Occurrence, variations, and risk assessment of neonicotinoid insecticides in Harbin section of the Songhua River, northeast China.

Neonicotinoid insecticides (NNIs) have been intensively used and exploited, resulting in their presence and accumulation in multiple environmental media. We herein investigated the current levels of eight major NNIs in the Harbin section of the Songhua River in northeast China, providing the first systematic report on NNIs in this region. At least four NNIs in water and three in sediment were detected, with total concentrations ranging from 30.8 to 135 ng L-1 and from 0.61 to 14.7 ng g-1 dw, respectively. Larger spatial variations in surface water NNIs concentrations were observed in tributary than mainstream (p < 0.05) due to the intensive human activities (e.g., horticulture, urban landscaping, and household pet flea control) and the discharge of wastewater from many treatment plants. There was a significant positive correlation (p < 0.05) between the concentrations of residual imidacloprid (IMI), clothianidin (CLO), and Σ4NNIs in the sediment and total organic carbon (TOC). Due to its high solubility and low octanol-water partition coefficient (K ow), the sediment-water exchange behavior shows that NNIs in sediments can re-enter into the water body.

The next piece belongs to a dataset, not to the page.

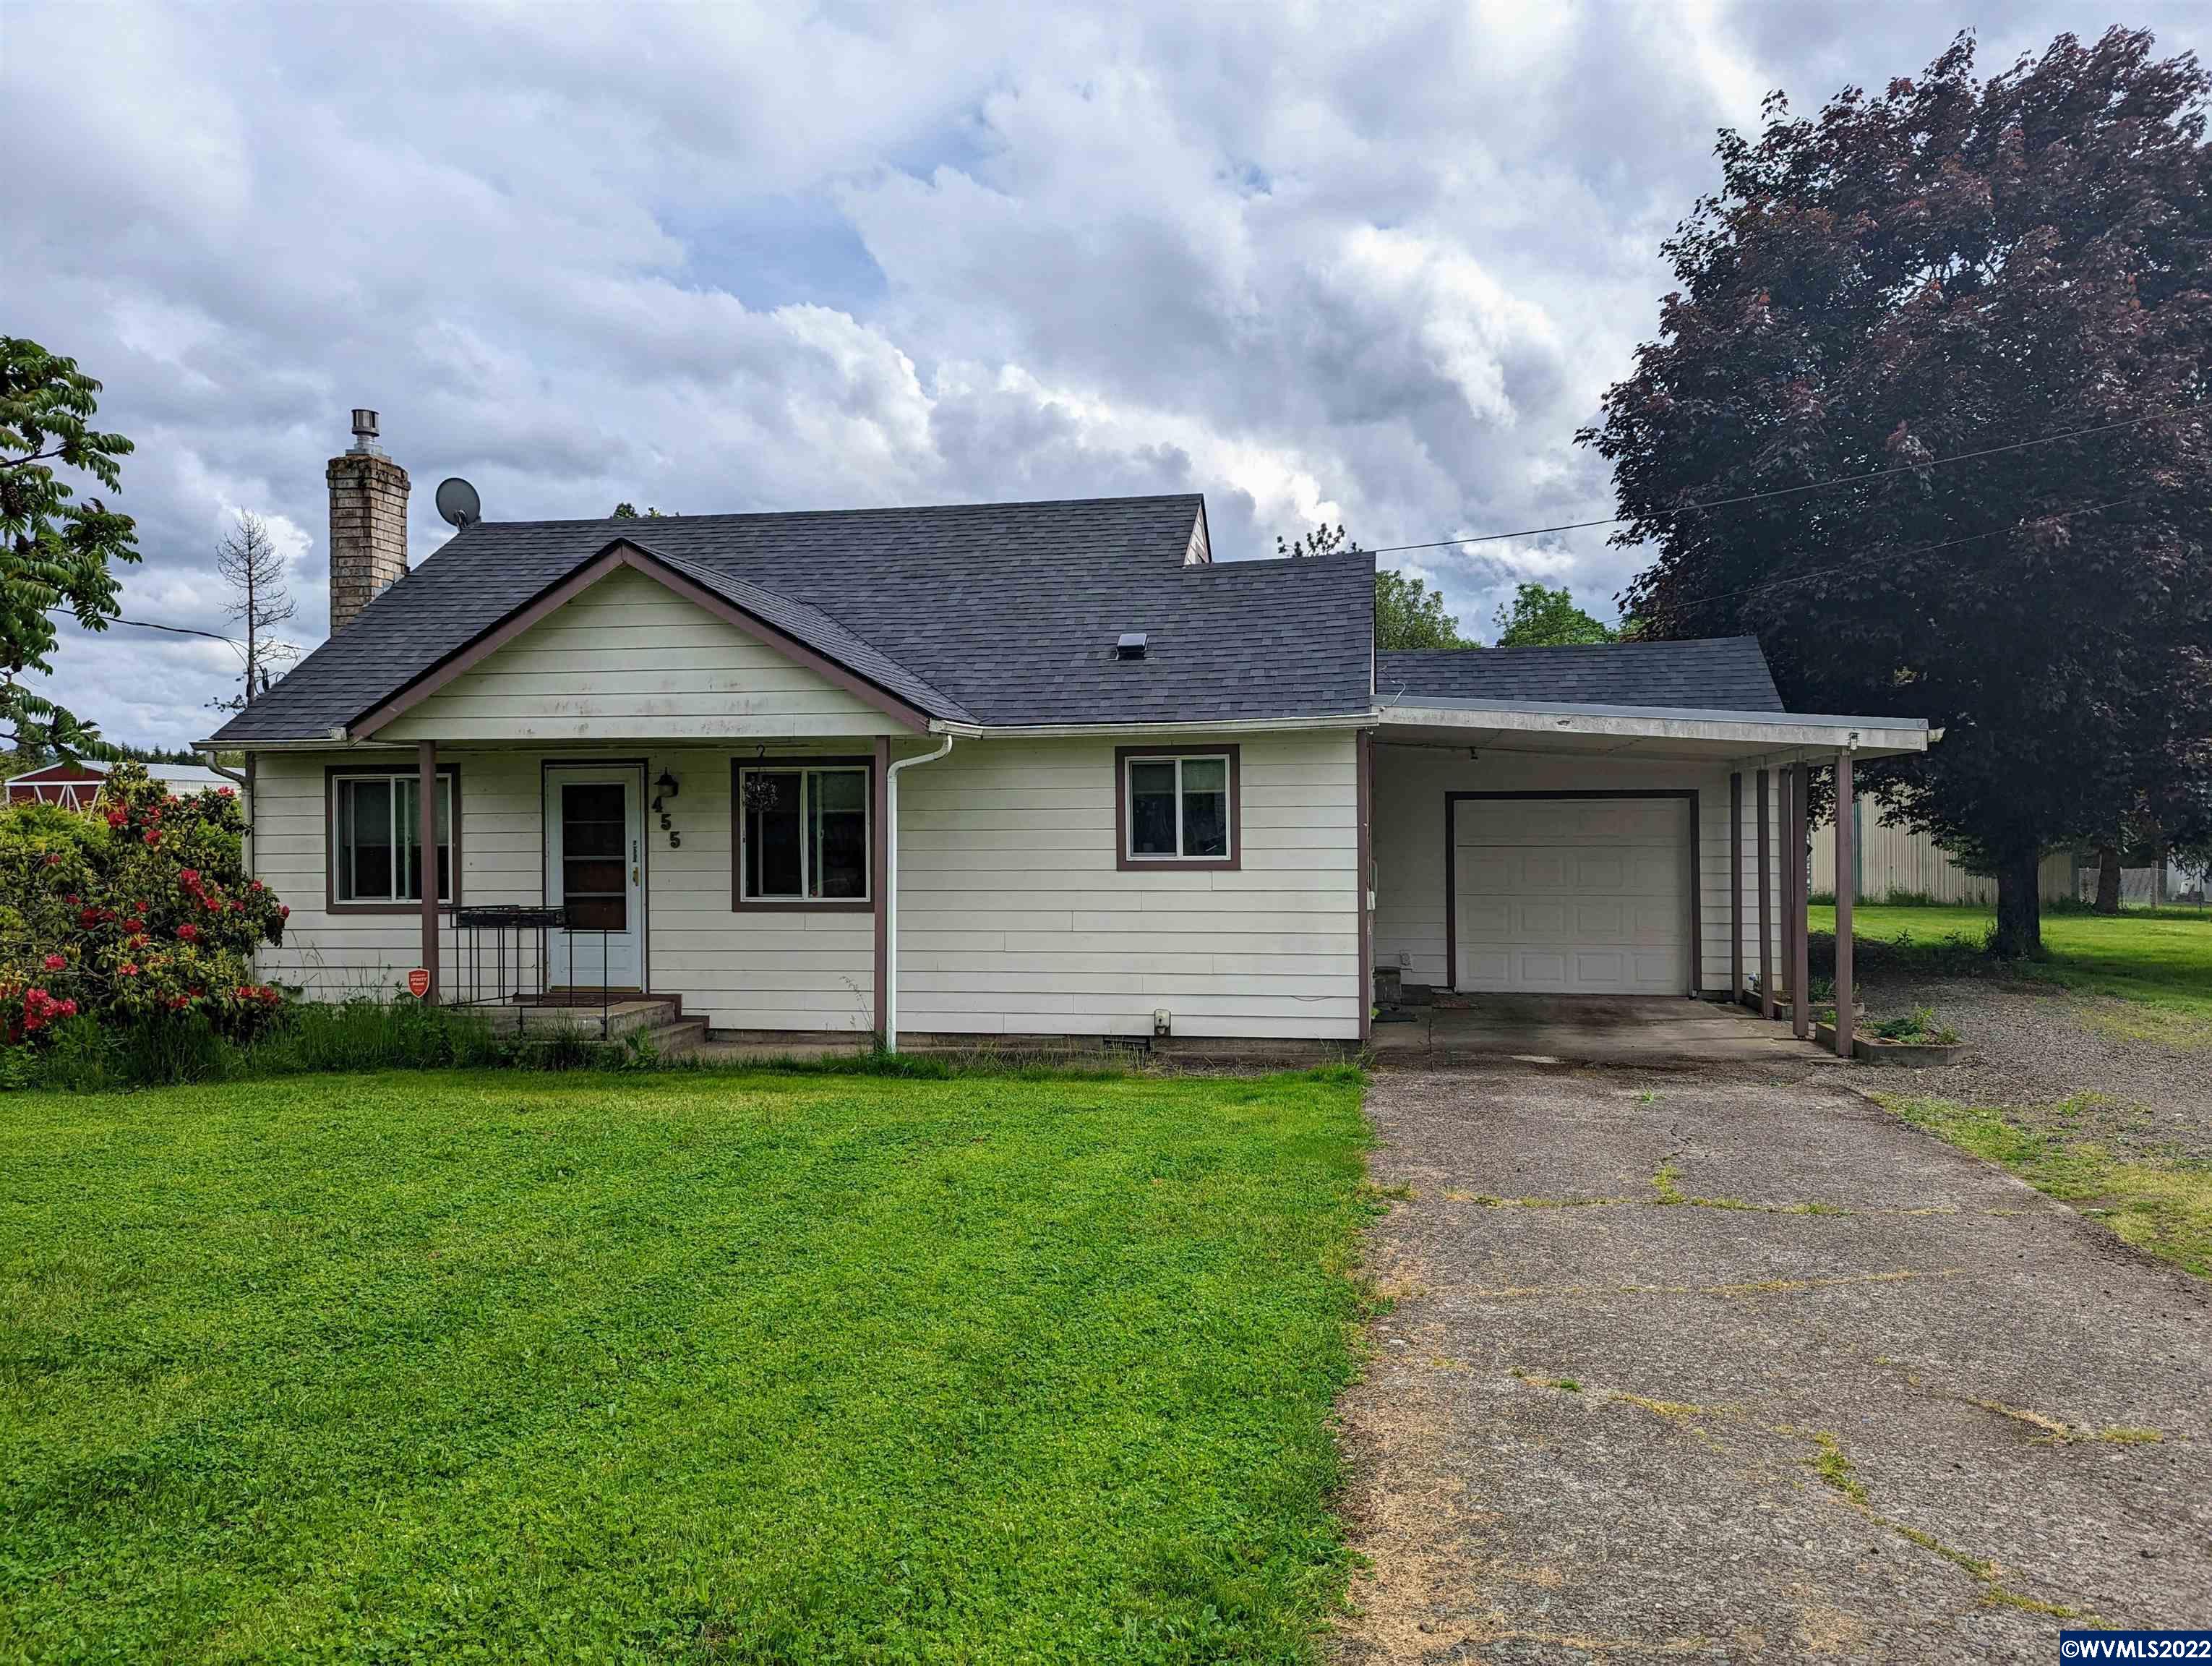 Looking for more than a tiny backyard? This home has all the yard you could need, plus a shop! Great space for gardening, pets, kids, or whatever else you could need. New roof in 2021. Dont miss out on this one!

Human exposure risk was assessed using the relative potency factor (RPF), which showed that infants have the highest exposure risk (estimated daily intake (ΣIMIeq EDI): 31.9 ng kg-1 bw·d-1). The concentration thresholds of NNIs for aquatic organisms in the Harbin section of the Songhua River were determined using the species sensitivity distribution (SSD) approach, resulting in a value of 355 ng L-1 for acute hazardous concentration for 5% of species (HC5) and 165 ng L-1 for chronic HC5. Aquatic organisms at low trophic levels were more vulnerable to potential harm from NNIs.